Pharyngeal constriction and symmetry during high-pitch phonation reveals the activity of the pharyngeal constrictors. A vocal glide from a high pitch to a low pitch will show the vertical muscular thickening of the pharyngeal constrictors on each side. Watch for any lateral deviation of the posterior pharyngeal median raphe at high pitch — and keep the endoscope high in the pharynx because the larynx will rise suddenly with attempted high pitch.
Assessing Laryngeal Function
Observation of vocal cord planar motion — abduction and adduction — during quiet respiration reveals a natural, moderate abduction during inspiration and a partial adduction during expiration. During sniffing, maximal abduction is easily visualized. Direct attention to timing of adduction and abduction:
- In paralysis, the injured side does not move.
- In paresis, the injured side moves appropriately through a reduced range.
- In synkinesis, the injured side may be static (as in paralysis) but will hold tension during phonation and have thyroarytenoid mass on close examination.
- In dyskinesis, the injured side may move in an inappropriate direction and/or at an inappropriate time of the respiratory cycle.
- In hyperdyskinesis, the injured side may hyper-adduct during sniffing, after phonation or after other stimulation — and may be adducted past the midline in a state of tonic contraction.

Stroboscopy and Closeness
When the complaint is hoarseness, the goal of the examiner during stroboscopy is to explain white noise and diplophonia. Examine vocal cord oscillatory motion at several pitches, directed by abnormal findings during vocal capabilities testing. Look for gaps (anterior, posterior, central), asymmetry (neurologic, stiffness), and the number of sound sources (side-to-side or anterior-to-posterior).
The most powerful technical upgrade is closeness. Every bit closer makes a greater than expected increase in the magnification of the image. The closer an endoscope is to the reflected light, the brighter the image. The closer the chip to the pathology, the more pixels filled by the disorder and the higher the effective resolution. At extreme closeness, capillary architecture is near microscopic levels with higher-definition chip endoscopes. Topical lidocaine allows touching of the vocal cords for extreme close-up views.

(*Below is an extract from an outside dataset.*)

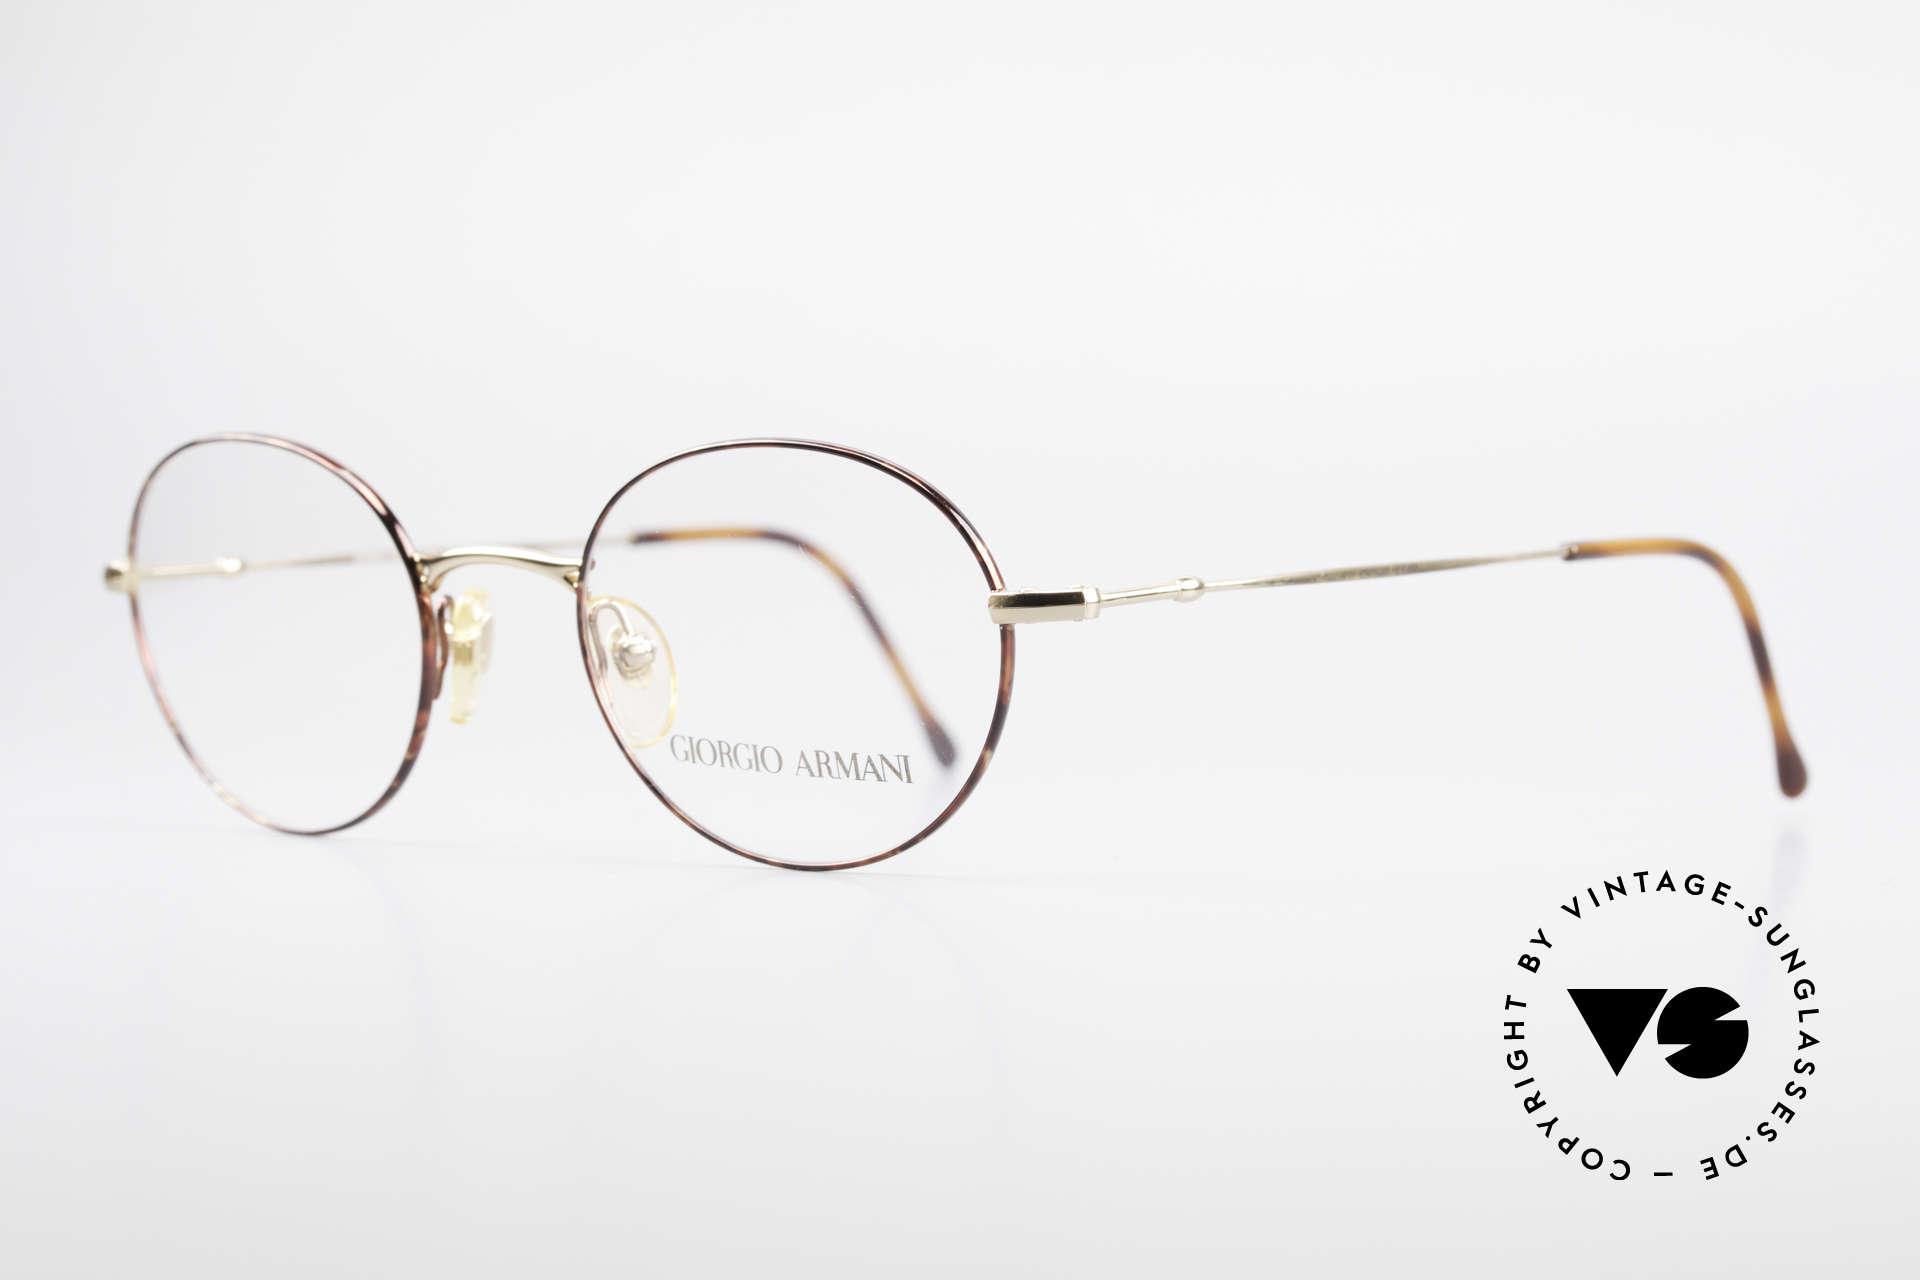 Giorgio Armani 252 Alte Vintage Brille Oval 90er, sehr elegante Lackierung in gold und kastanienbraun, Passend für Herren und Damen
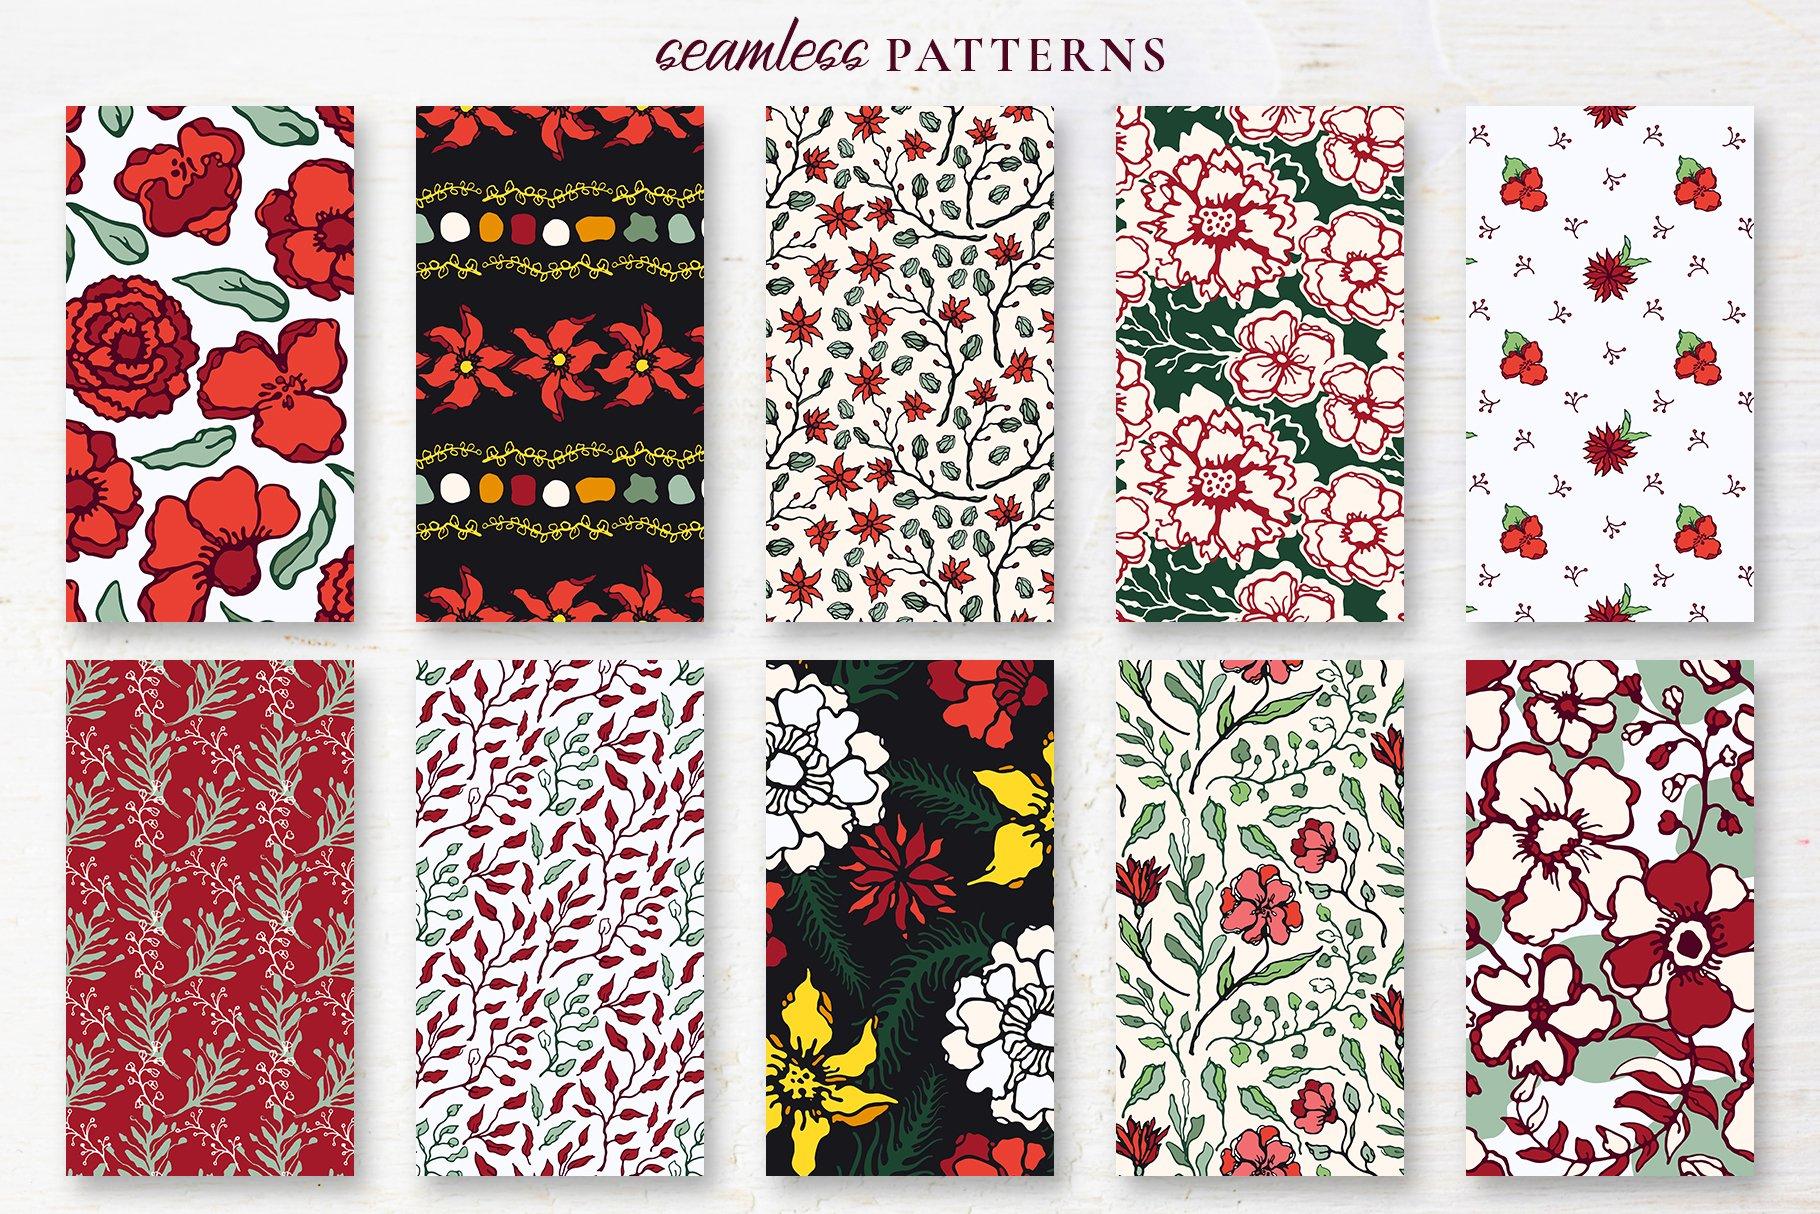 150多款时尚优雅花卉框架抽象形状手绘插画设计素材 Winter Floral Patterns & Elements插图16

The examiner with a flexible endoscope who moves the scope closer to the vocal cords overcomes the three deficits substantially: the image is clearer, brighter, and has less digital artifact.
Selective Color Imaging
Colors are selectively filtered to increase the contrast between red and other colors — this becomes more valuable with increasing resolution. Capillary orientation is very characteristic in tumors and papilloma:
- Normal capillaries tend to be small, similar in diameter, and parallel to the vibratory margin of the vocal cord.
- Scar capillaries tend to be perpendicular to the vocal cord vibratory margin, varying a bit more in diameter.
- Post-radiation capillaries appear frond-like, almost like patches of ferns, and are larger than normal. They form over months to two years after external beam radiation.
- Papilloma capillaries form smooth loops running perpendicular to the surface mucosa and may appear as dots when viewed directly from above.
- Dysplastic and carcinoma capillaries are oriented perpendicular to the surface mucosa, irregular, often multilobulated, with greatly enlarged feeding vessels surrounding them.
Companies have tended to trademark the software algorithms they use for selective color imaging. Olympus calls their software narrow band imaging (NBI). KayPentax calls theirs iScan.
What You Learned
- Technique matters more than equipment — a skilled examiner with modest equipment will outperform an unskilled examiner with a top-tier instrument.
- Closeness is the highest-impact upgrade — more magnification, more light, less electronic noise, all in one maneuver that costs nothing.
- Electronic gain creates red artifacts — a generally red-appearing larynx is often an artifact of the camera’s auto-gain compensating for the endoscope being too far away.
- Palate evaluation begins the neurologic exam — CN X branch injury at the top level raises the probability of injury in the lower branches supplying the larynx.
- Selective color imaging maps capillary architecture — distinguishing normal, scar, post-radiation, papilloma, and malignant vessel patterns can achieve an “optical biopsy” in the office.